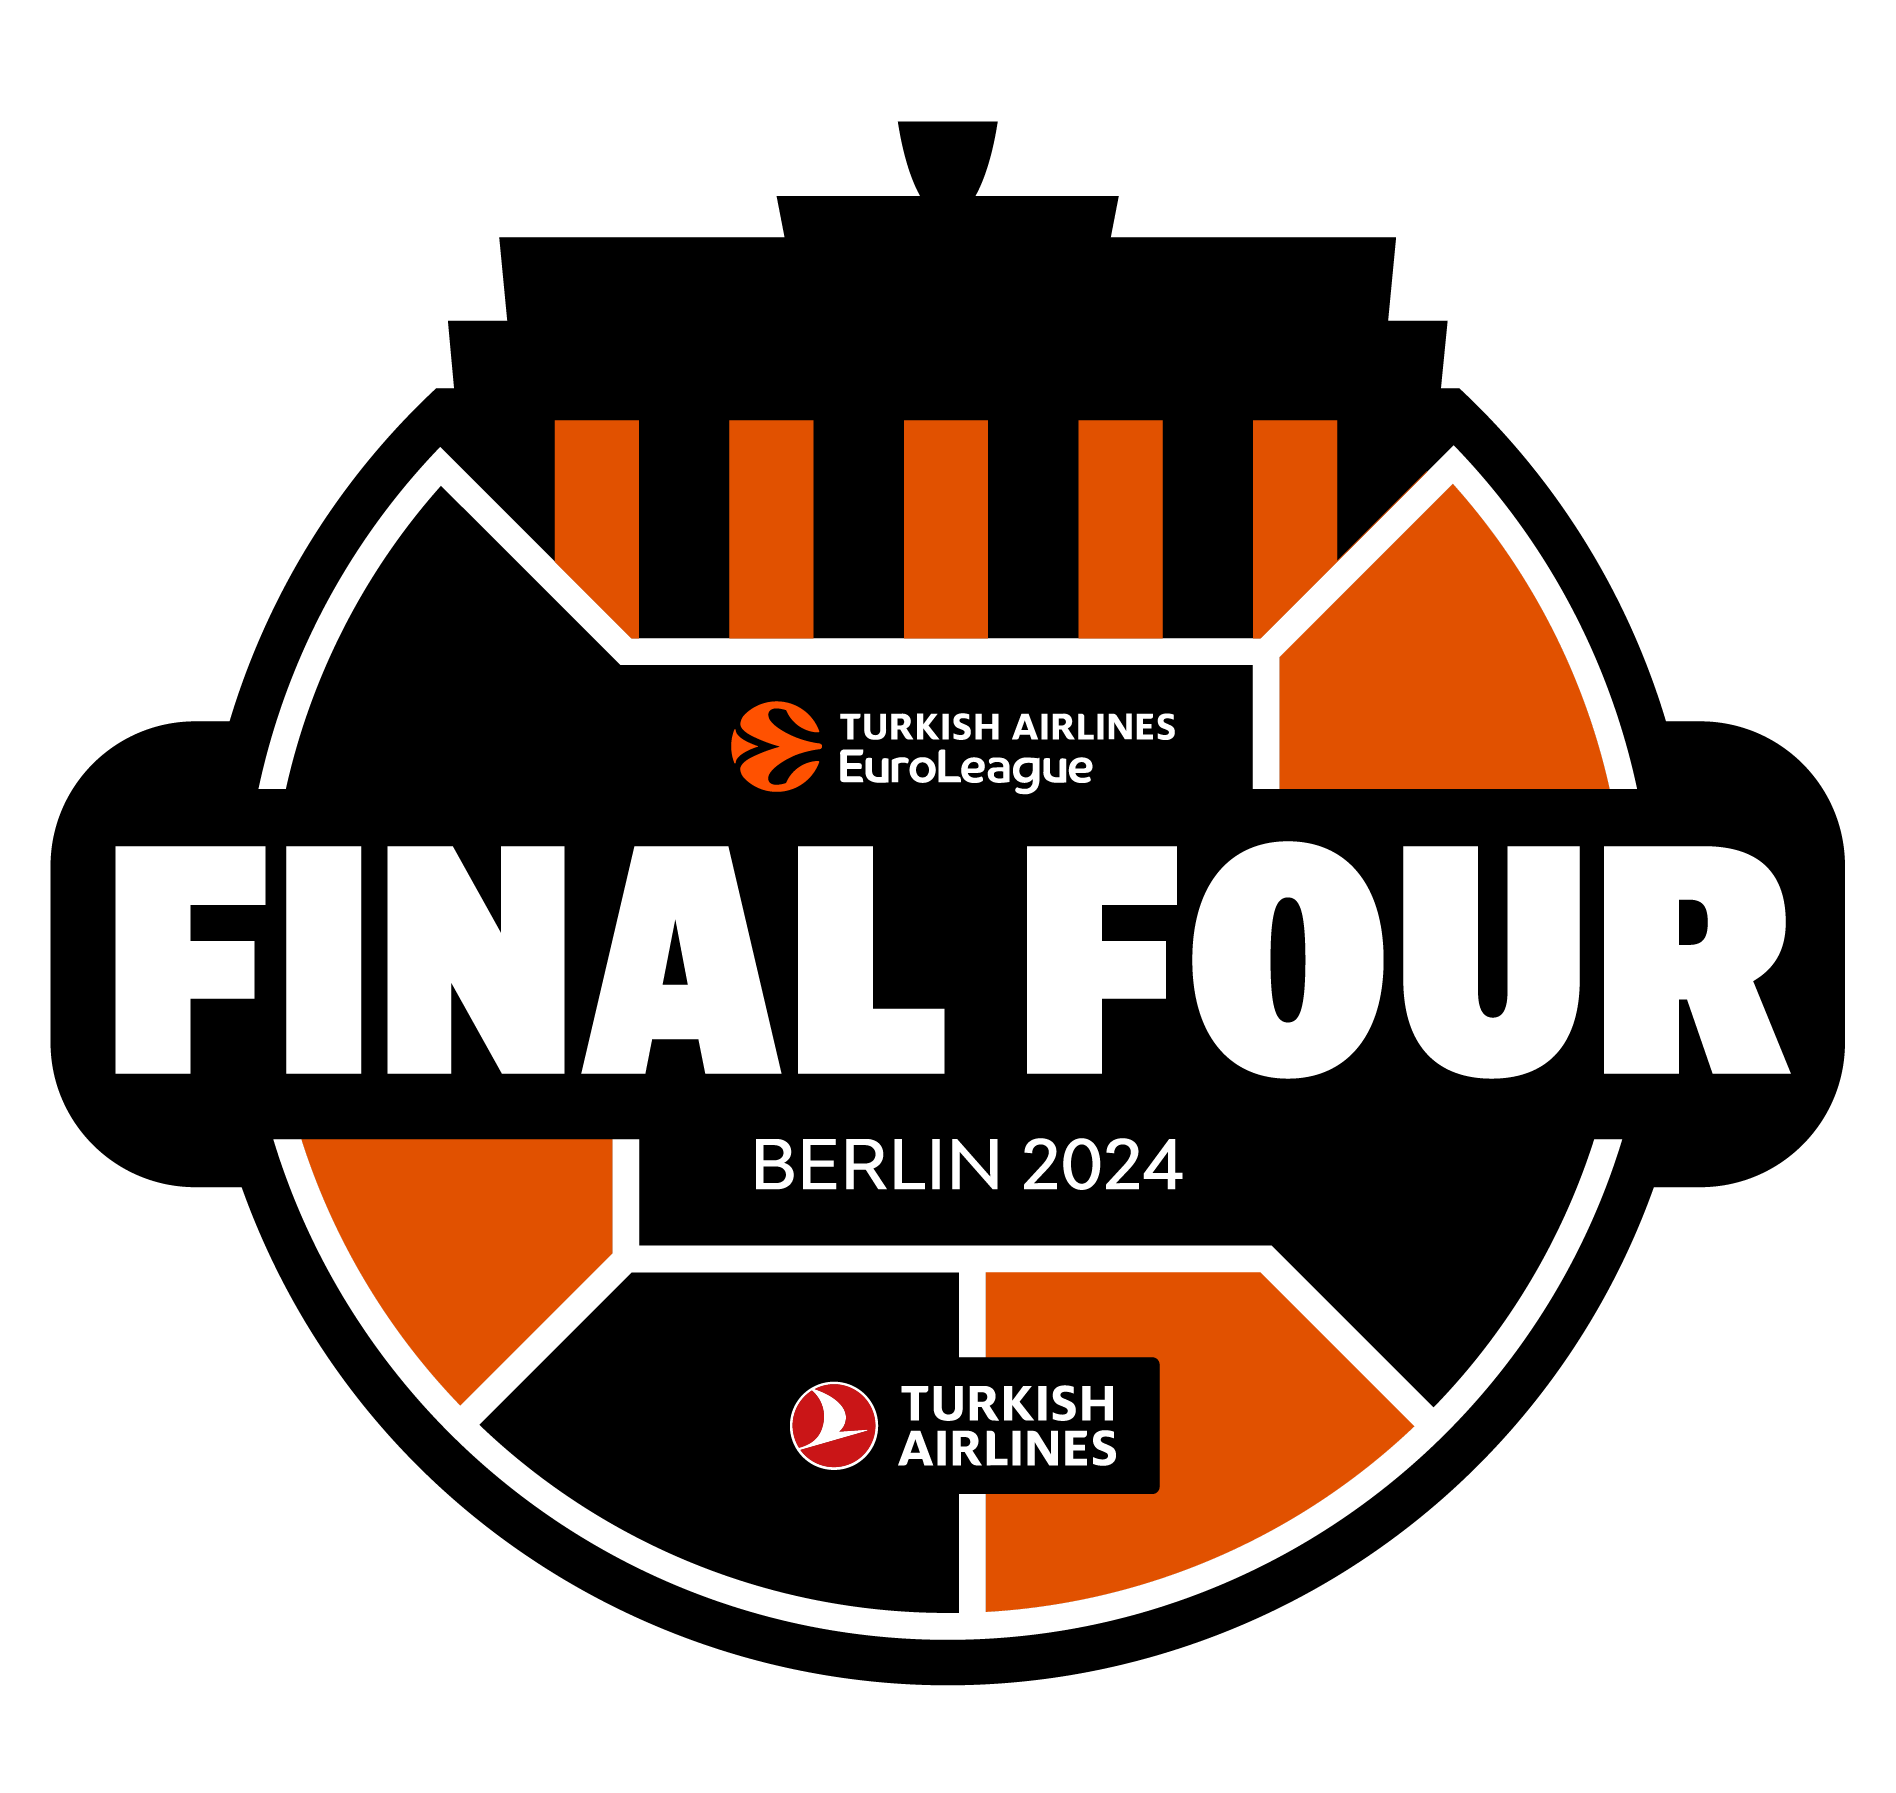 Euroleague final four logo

++++++++++++++++++++

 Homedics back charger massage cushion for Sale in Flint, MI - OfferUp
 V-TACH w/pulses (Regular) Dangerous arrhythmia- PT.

++++++++++++++++++++

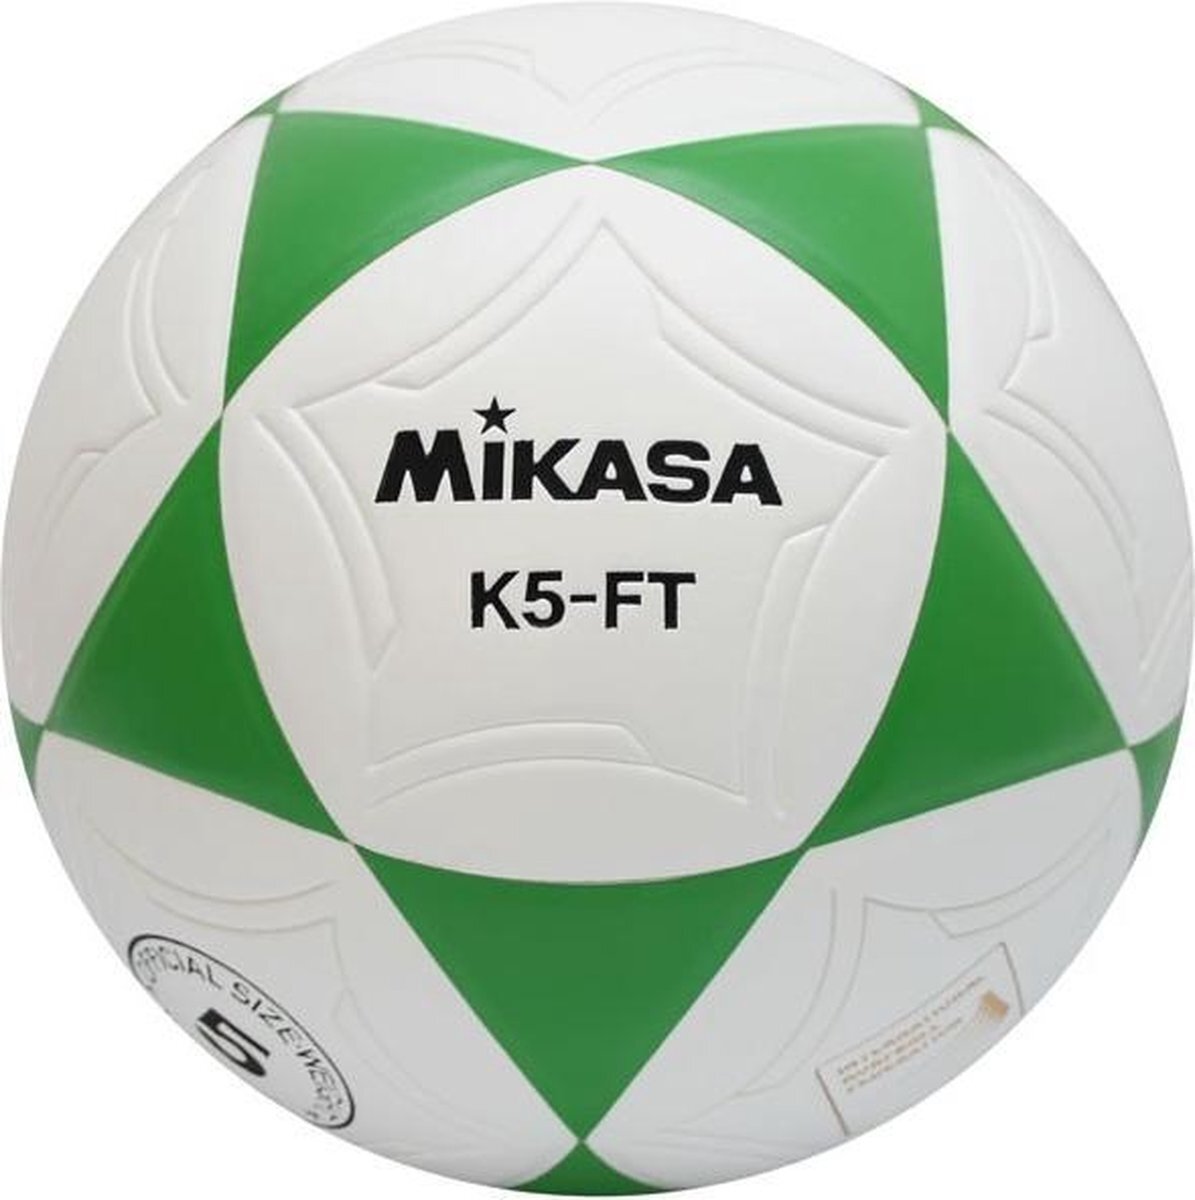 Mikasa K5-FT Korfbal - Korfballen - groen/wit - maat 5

++++++++++++++++++++

Brief: For the material above, reproduce exactly the lines from the line with "Homedics back charger" to the line with "V-TACH w/pulses (Regular)", inclusive, and exclude all others.

Solved exercise:
 Homedics back charger massage cushion for Sale in Flint, MI - OfferUp
 V-TACH w/pulses (Regular) Dangerous arrhythmia- PT.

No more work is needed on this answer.